The shortest walk must have the form
u
\
t<->w
/
v
where the edges in each arrow are disjoint. To see this, suppose in the shortest walk, we go through nodes $u_1'=u,\ldots,u_{k'}',u_1,\ldots,u_k=w$ from $u$ to $w$, go through nodes $v_1=w,\ldots,v_l,v_1',\ldots,v_{l'}'=v$ from $w$ to $v$, where $v_1',\ldots,v_{l'}' \notin \{u_1',\ldots,u_{k'}',u_1,\ldots,u_k\}$, and $v_l=u_1$, like the following graph:
u (u_1,...,u_k)
(u_1',...,u_{k'}')\ /\
u_1(v_l) w The walk (u_1,...,u_k) may overlap with (v_1,...,v_l)
(v_1',...,v_{l'}')/ \/
v (v_1,...,v_l)
Now suppose edges $e_1,\ldots,e_h$ are shown in both the walk $(u_1,...,u_k)$ and the walk $(v_1,\ldots,v_l)$, and the remaining edges in both walks are $f_1,\ldots,f_p$ and $g_1,\ldots,g_q$ respectively.
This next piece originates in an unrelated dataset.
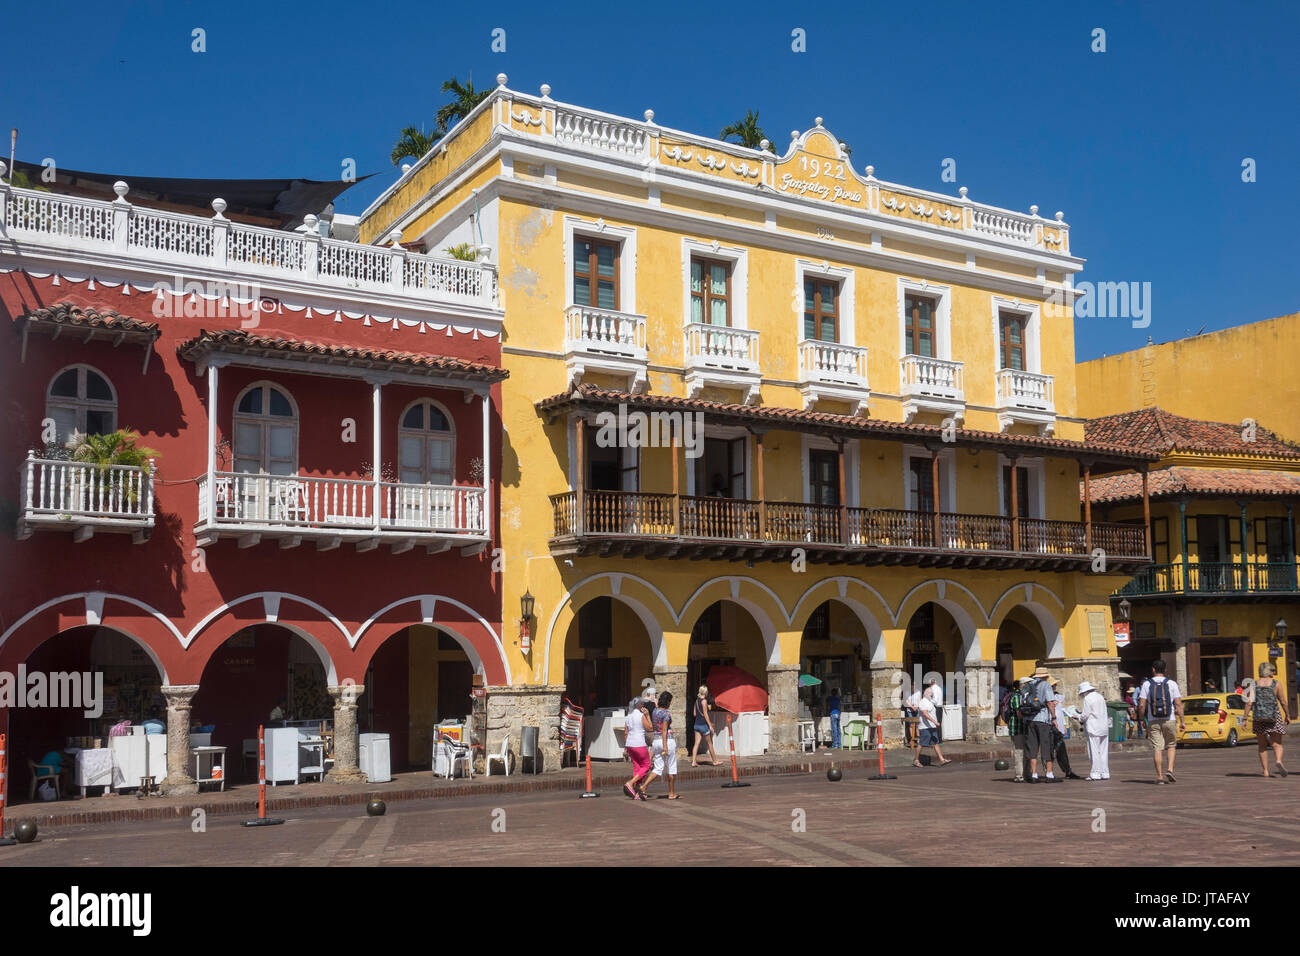 Plaza de los Coches, Cartagena, Colombia Stock Photo

Then the cost of the walk $(u_1,...,u_k=v_1,\ldots,v_l)$ is
\begin{align*}
&\sum_{i=1}^h (W_1(e_i)+W_2(e_i))+\sum_{i=1}^pW_1(f_i)+\sum_{i=1}^qW_1(g_i)\\
\ge{}&\sum_{i=1}^h (W_1(e_i)+W_2(e_i))+\frac{1}{2}\left(\sum_{i=1}^p(W_1(f_i)+W_2(f_i))+\sum_{i=1}^q(W_1(g_i)+W_2(g_i))\right).
\end{align*}
That is, the average cost of the walk $(u_1,\ldots,u_k,\ldots,u_1)$ and the walk $(v_l,\ldots,v_1,\ldots,v_l)$ is no more than that of the walk $(u_1,...,u_k=v_1,\ldots,v_l)$. So the shortest walk must have the form shown in the first figure.
Now you can try every node as $t$ to compute the optimal walk from $u$ to $w$ to $v$. This is a polynomial-time algorithm.